Kadınların evlat olarak başladıkları hayatlarına eş, anne, kız kardeş, abla, hala, teyze ve büyük anne olarak devam ederken, aynı zamanda ev hanımı ve iş kadını olarak da hayatın her noktasına temas ettiklerini ve bu temas ile dünyayı daha yaşanılır kıldıklarını belirten Eşin; “Kadınlarımız hava, su, ekmek gibidir, onlarsız bir yaşam mümkün değildir” diyerek şunları söyledi:

“Kadınların biz erkeklerden farklı bir anatomide ve faklı bir ruh hali ile yaratıldığını, biz erkeklerden daha titiz ve duygusal olduklarını bilerek, onlara karşı daha hoşgörülü ve saygılı davranmamız durumunda, dünyanın herkes için daha yaşanılır bir hal alacağını bilmemiz gerekir.”
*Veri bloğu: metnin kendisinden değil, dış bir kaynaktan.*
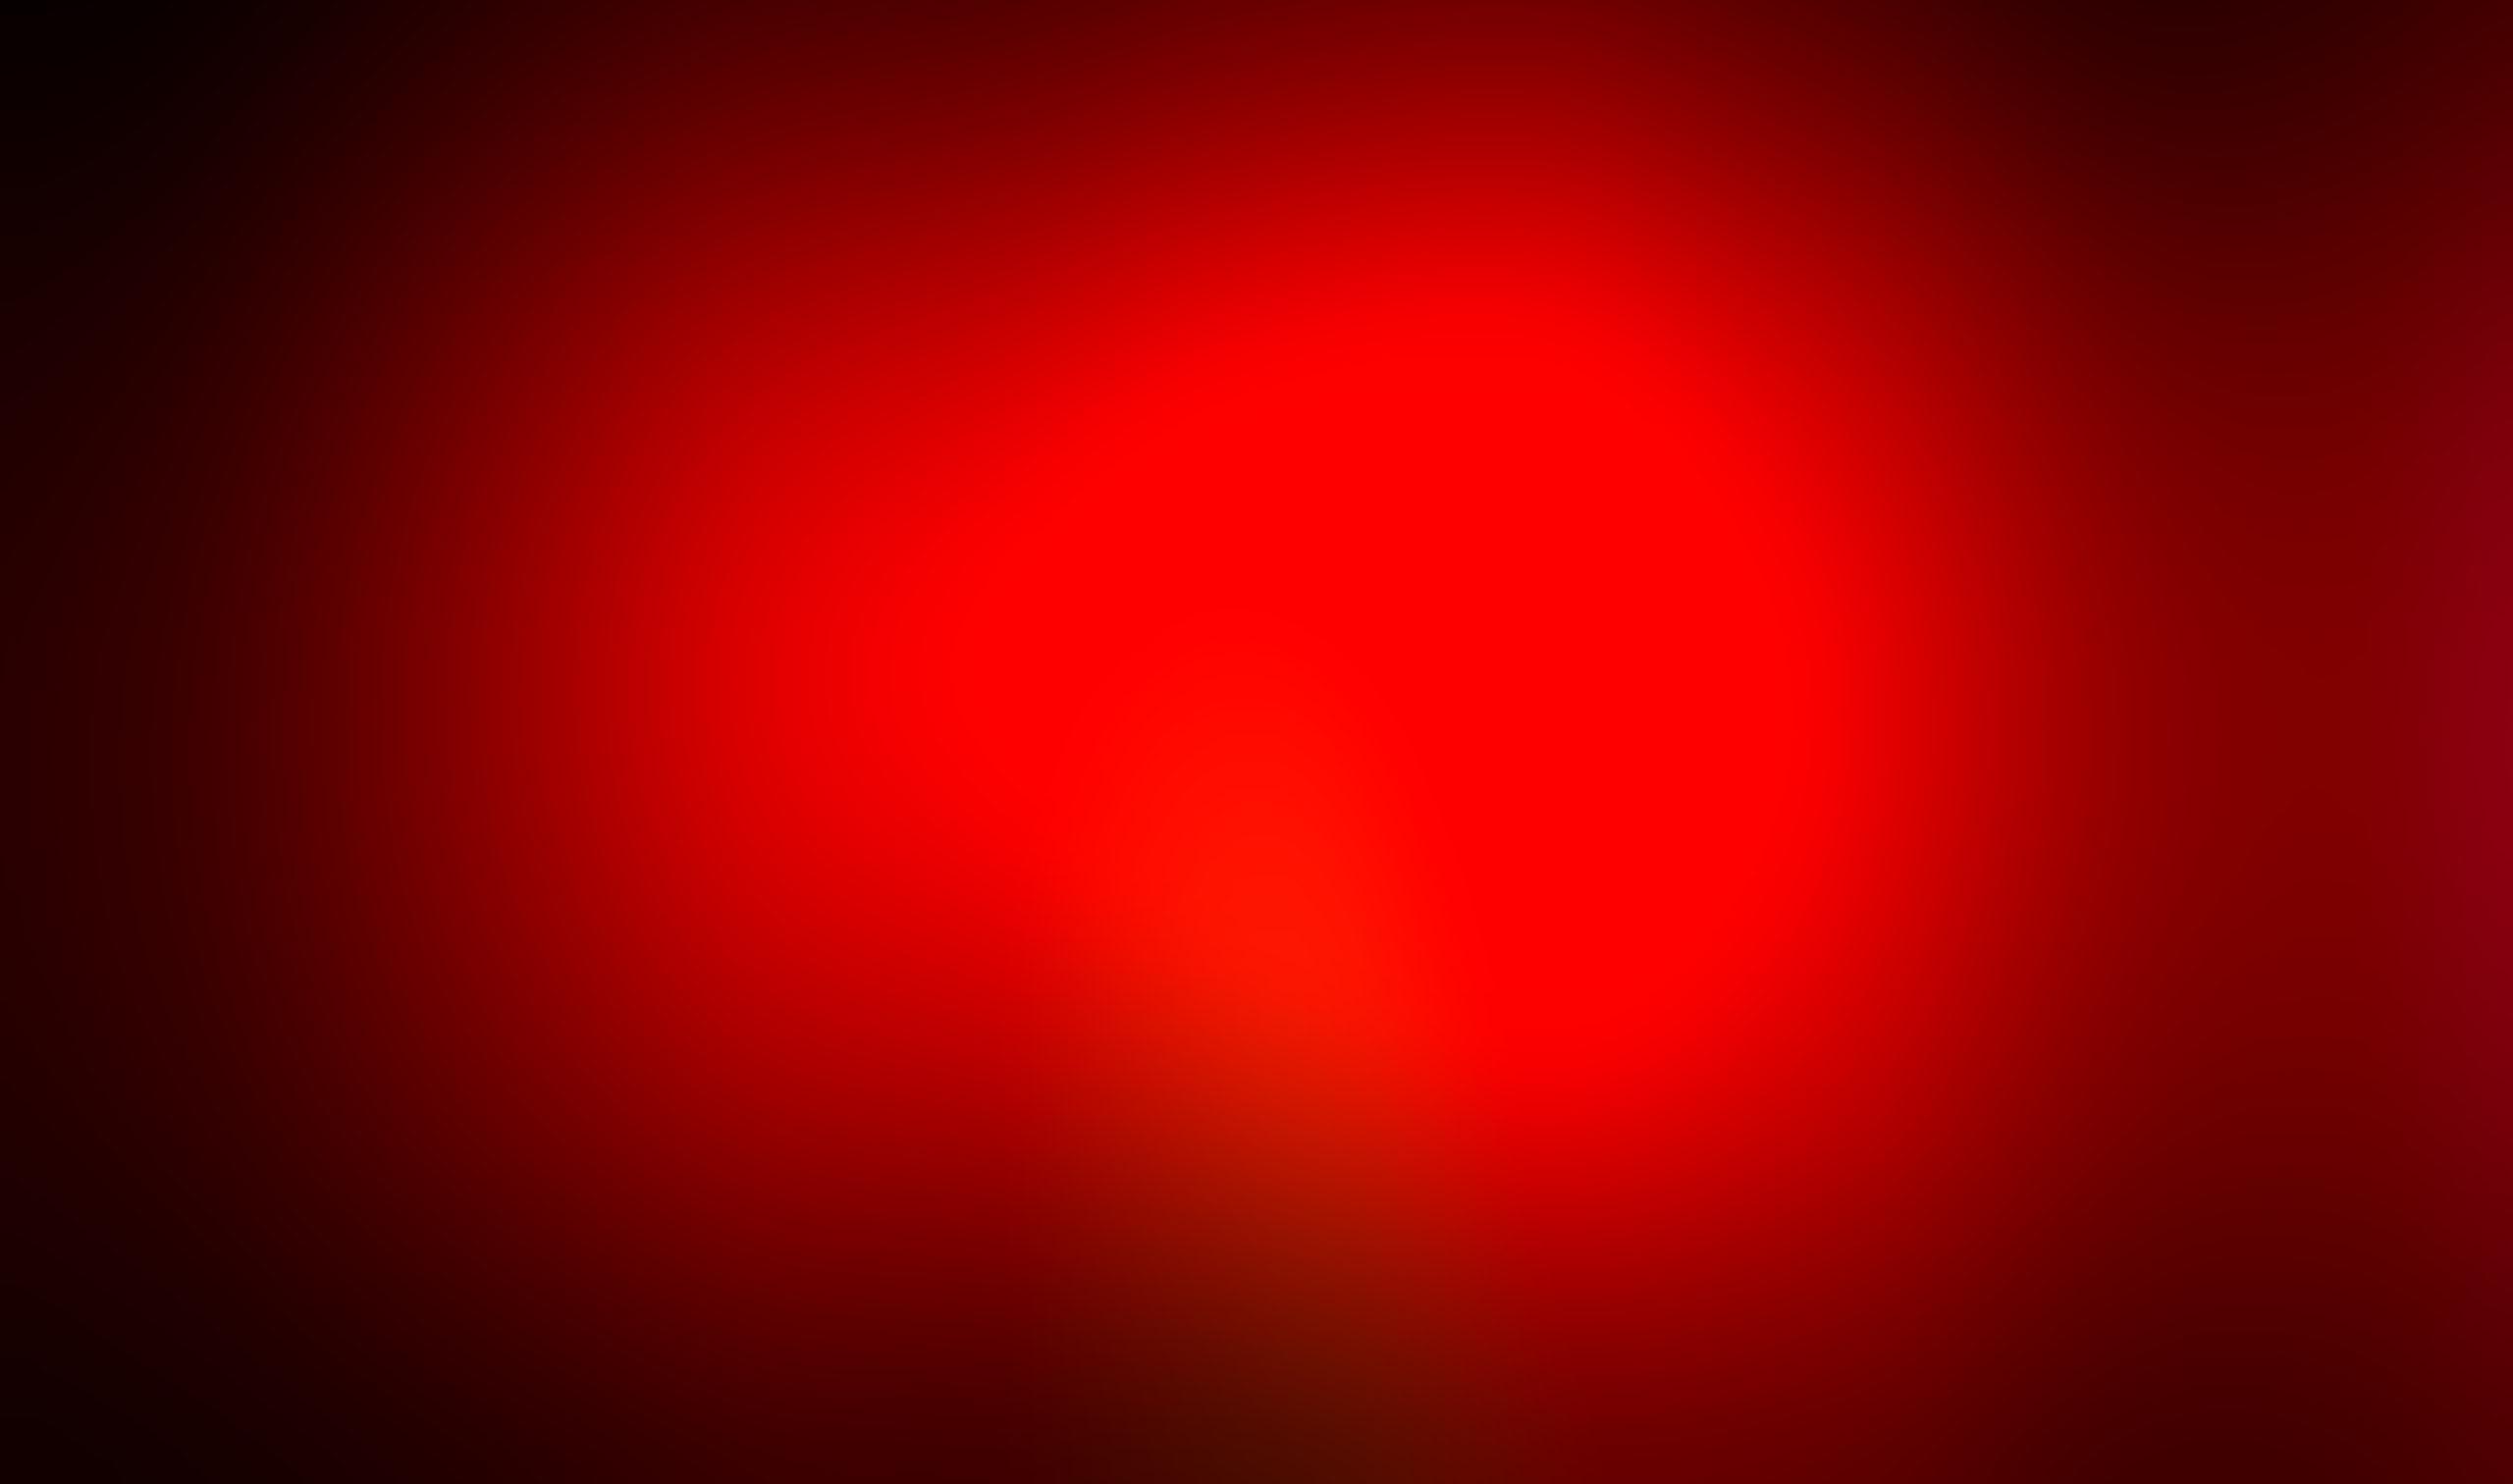 red-wallpaper-hd-1080p – Smederevske novine

En büyük emekçi kadınların ise anneler olduğunu ifade eden Eşin; mutlu anneler mutlu toplumların hazırlayıcısıdır. Bir çocuğu doğurup büyütmek için harcanan emeğin karşılığı olmadığını dile getiren Eşin, Peygamber Efendimizin “Cennet annelerin ayaklarının altındadır.” sözünün kadınların toplumdaki konumlarını en üst seviyeye çıkardığını belirtti.